==== LISTED ENTRIES
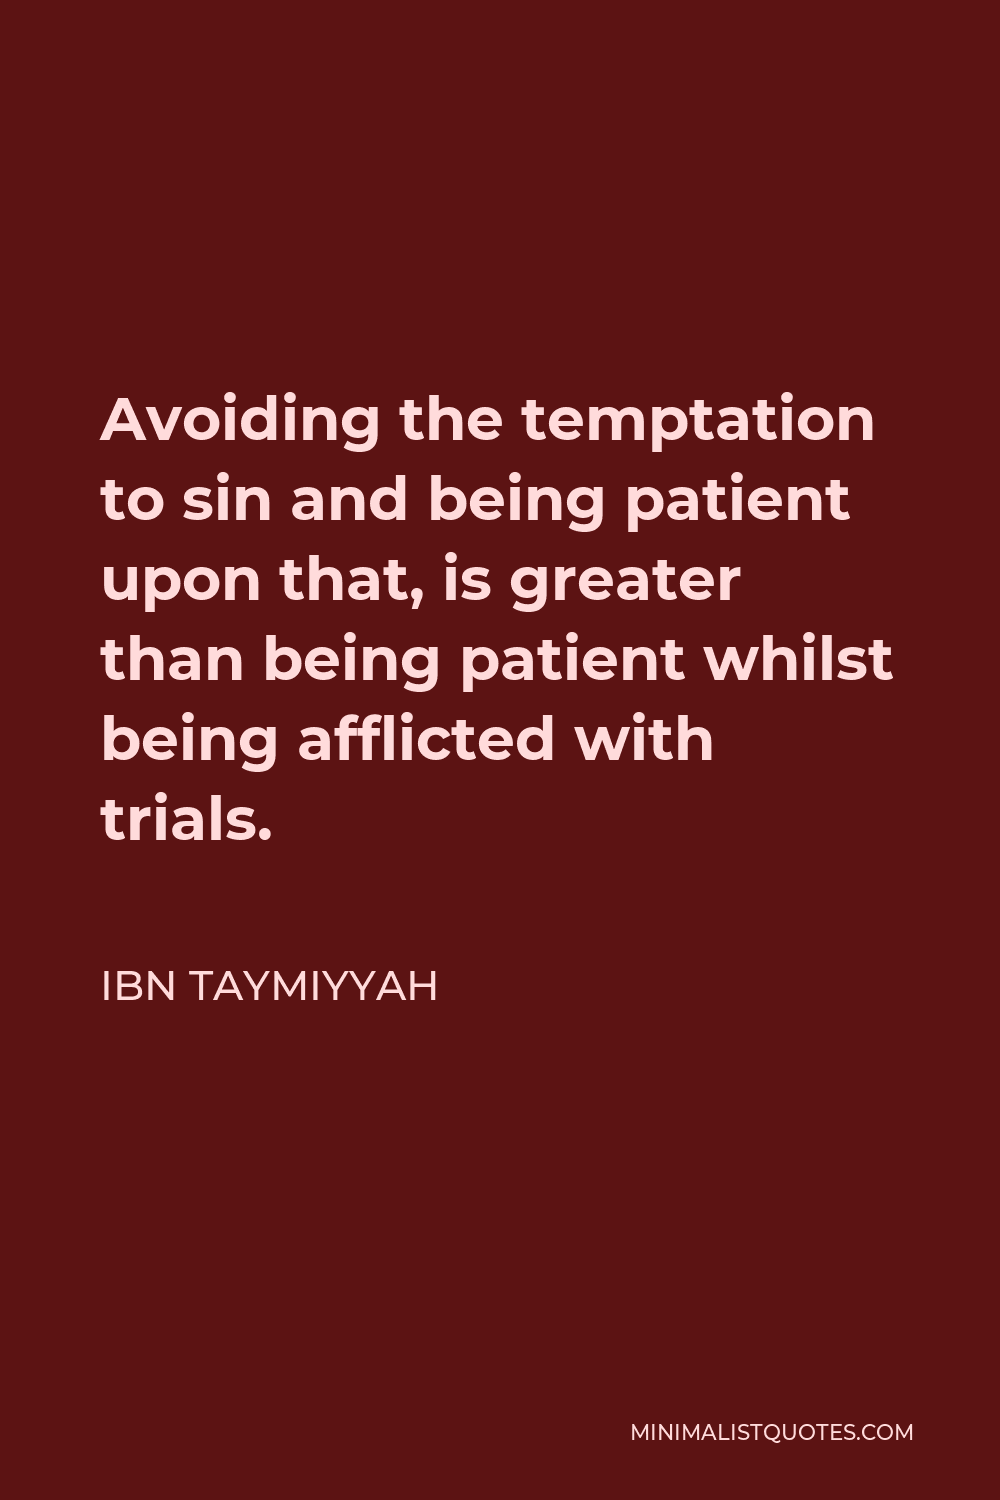 Ibn Taymiyyah Quote - Avoiding the temptation to sin and being patient upon that, is greater than being patient whilst being afflicted with trials.
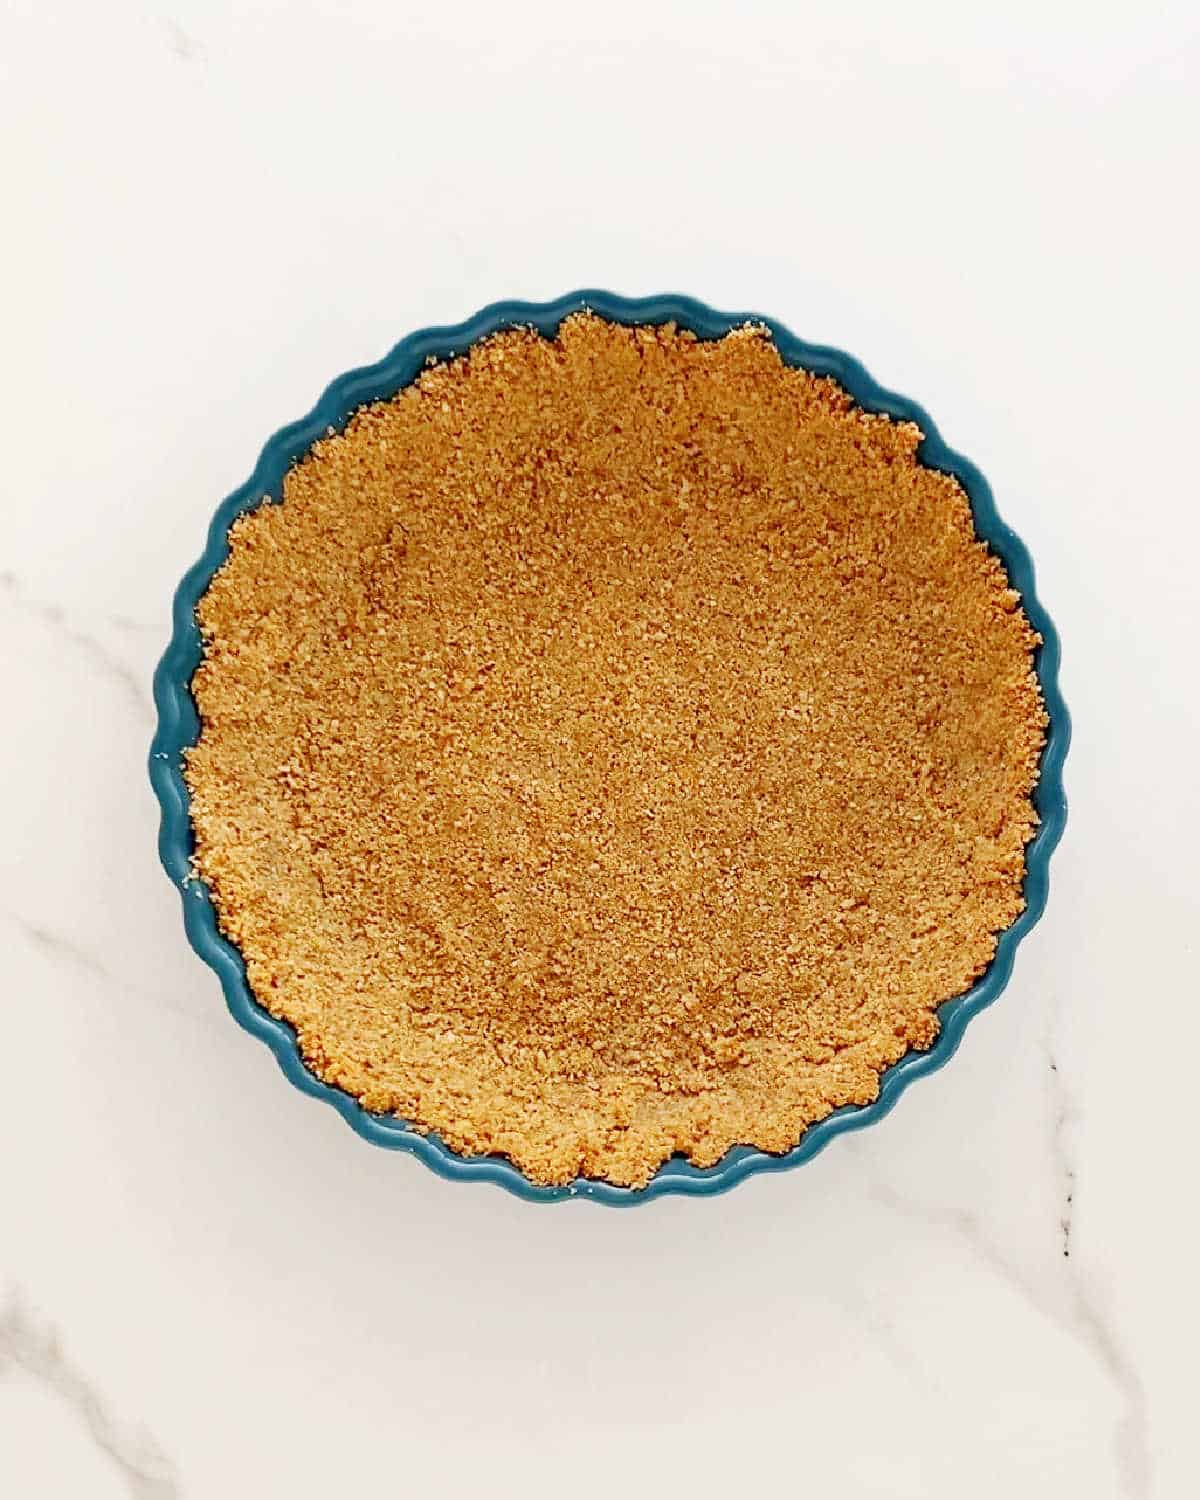 Teal pie dish with graham cracker crust on a white marbled surface.
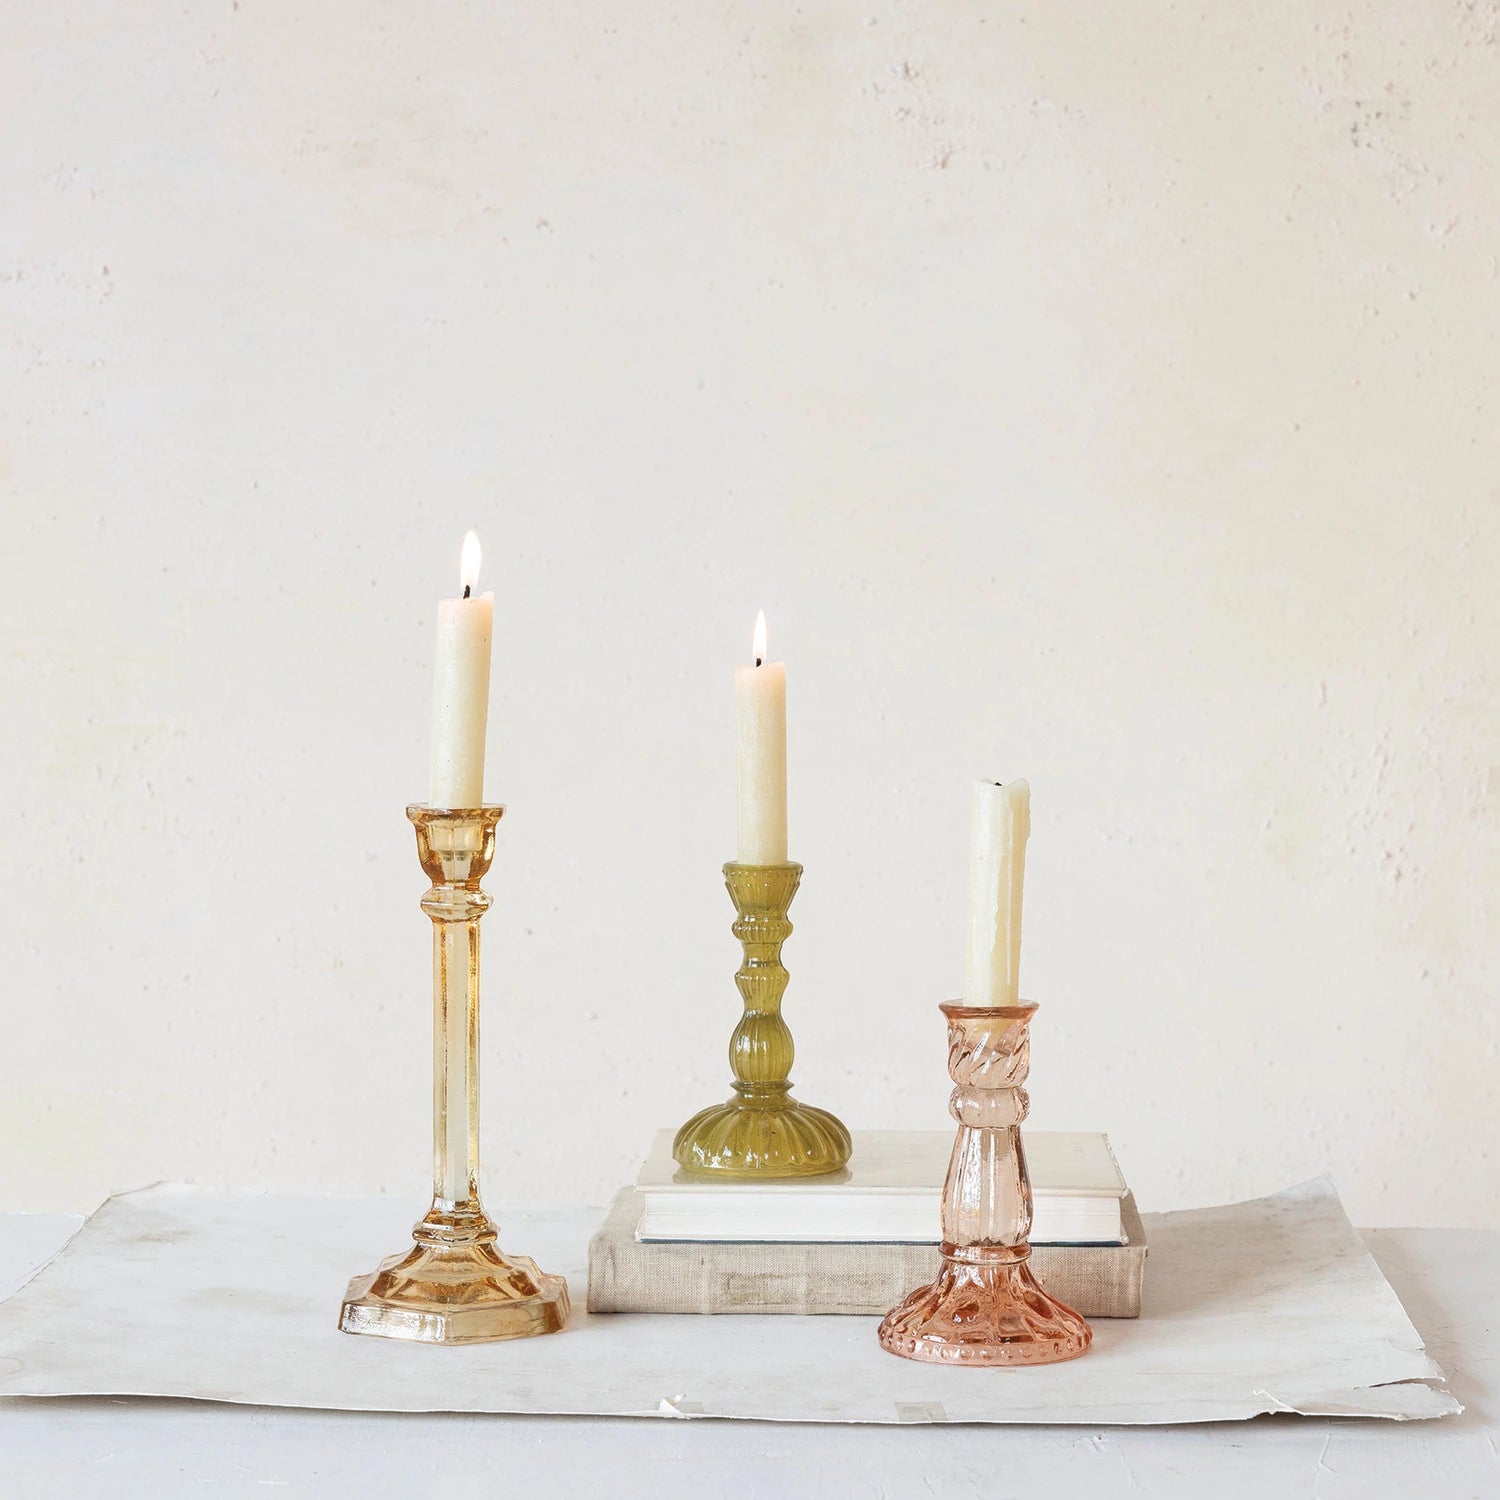 3 styles of glass candle holders with off-white tapers in them arranged on a counter with books.
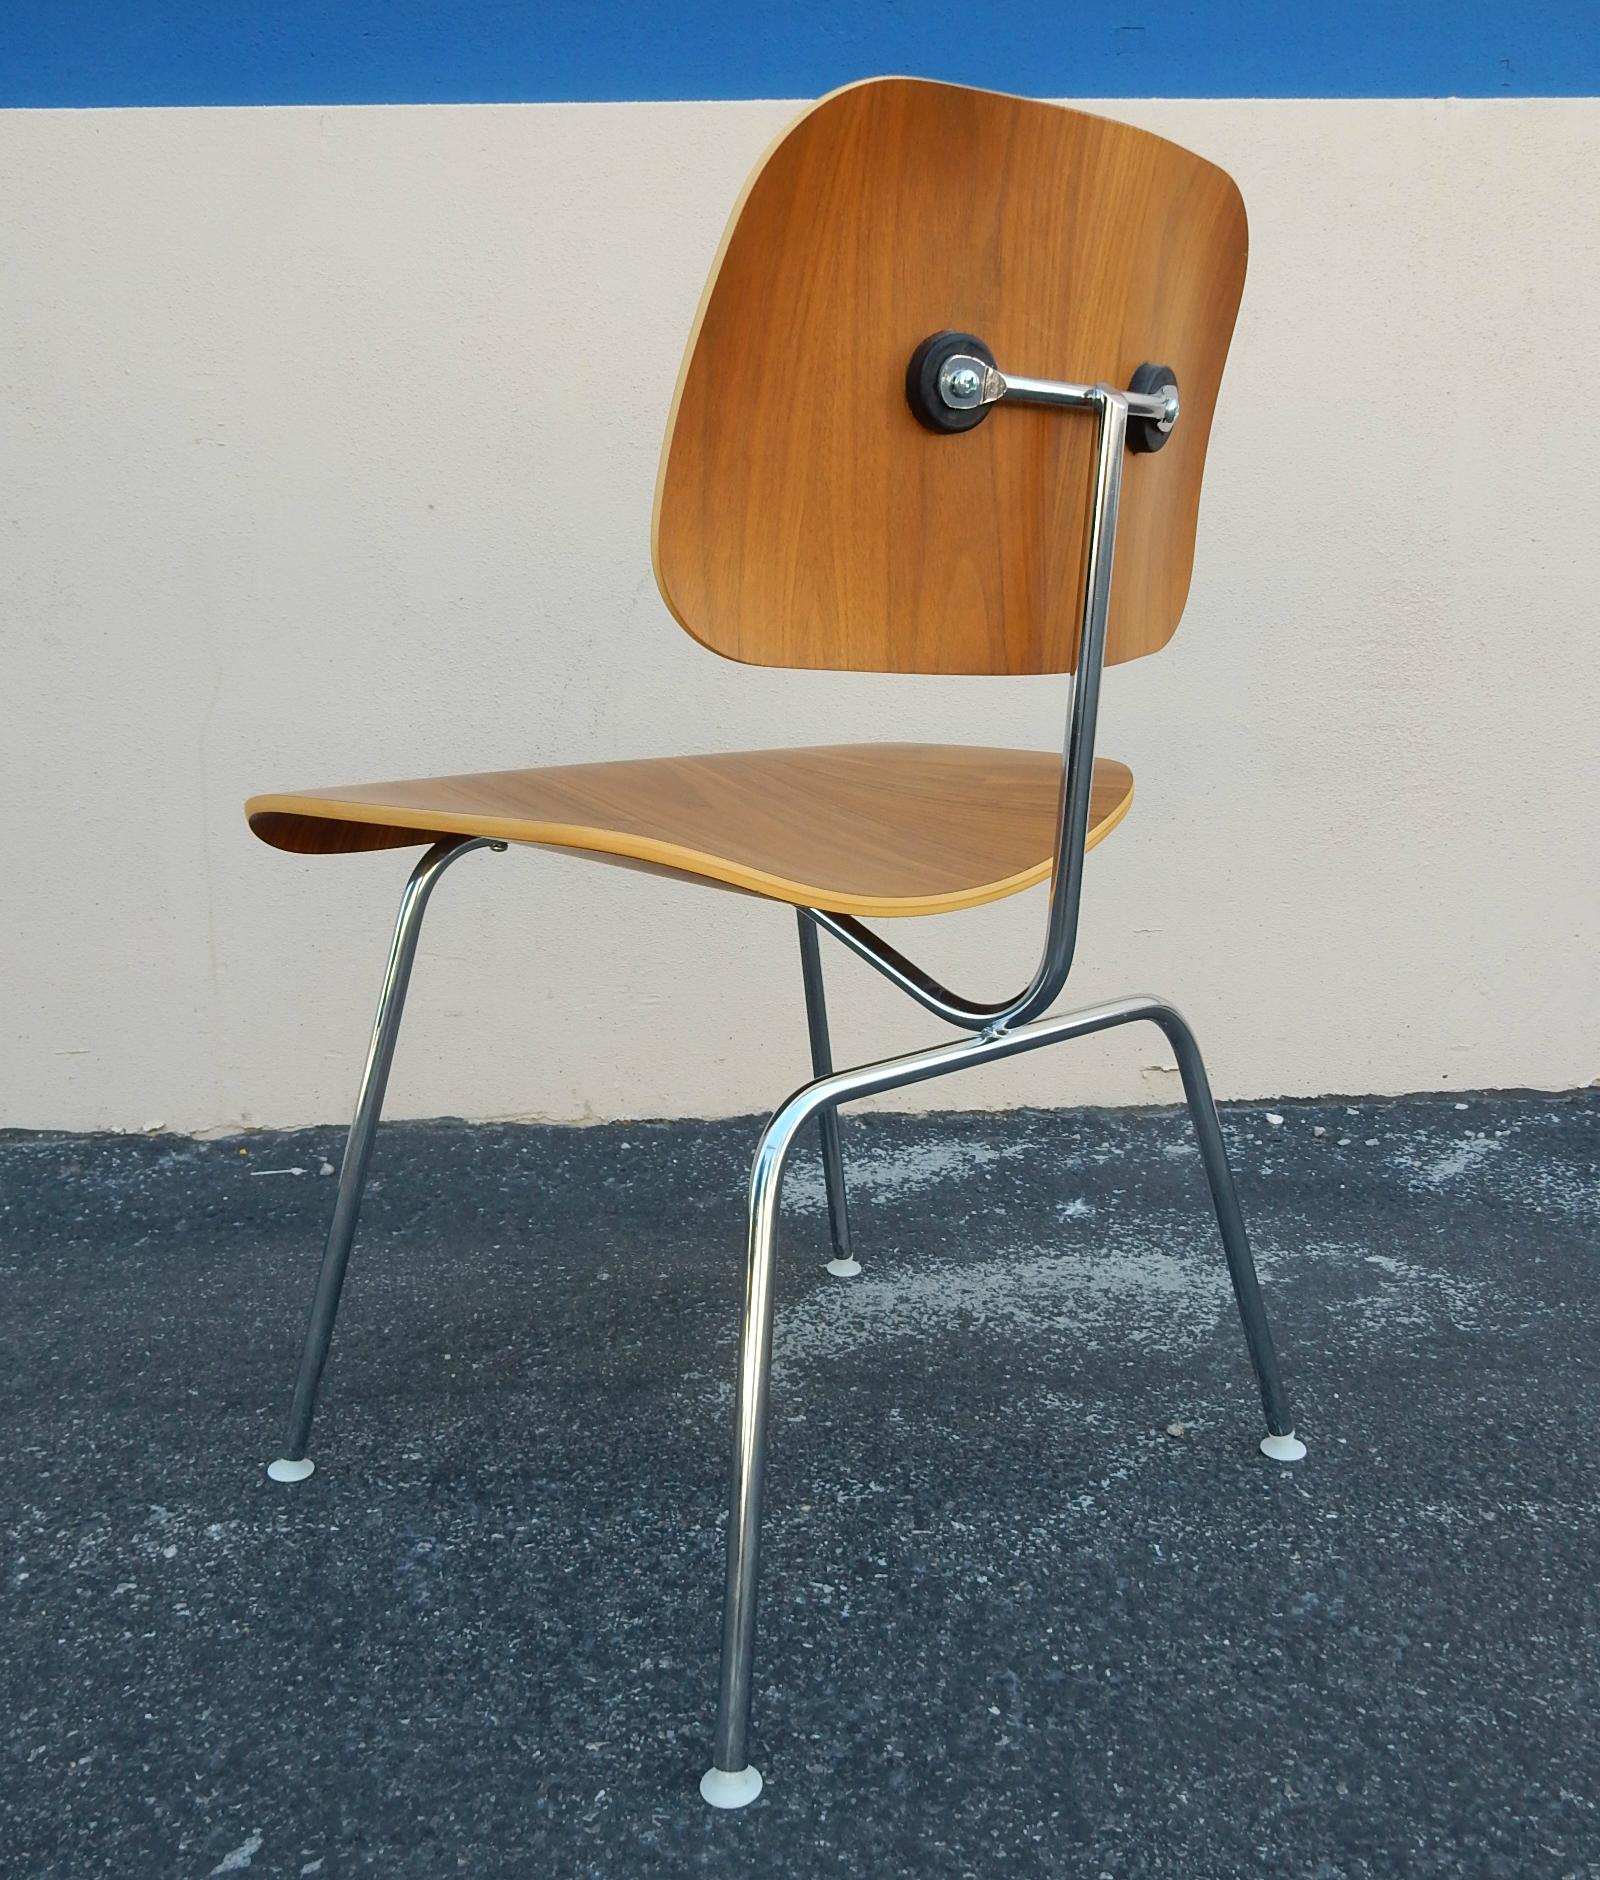 16 available at the start of listing...
Authentic Charles & Ray Eames designed for Herman Miller model DCM
dining chair in chrome and walnut.
Mfg. dated 2007.
All in un-restored, excellent, barley used condition.
Priced per chair...
========
A word-for-word repetition of the data above, without pictures, is the expected answer.

 Ibn Taymiyyah Quote - Avoiding the temptation to sin and being patient upon that, is greater than being patient whilst being afflicted with trials.
 Teal pie dish with graham cracker crust on a white marbled surface.
 3 styles of glass candle holders with off-white tapers in them arranged on a counter with books.
 16 available at the start of listing...
Authentic Charles & Ray Eames designed for Herman Miller model DCM
dining chair in chrome and walnut.
Mfg. dated 2007.
All in un-restored, excellent, barley used condition.
Priced per chair...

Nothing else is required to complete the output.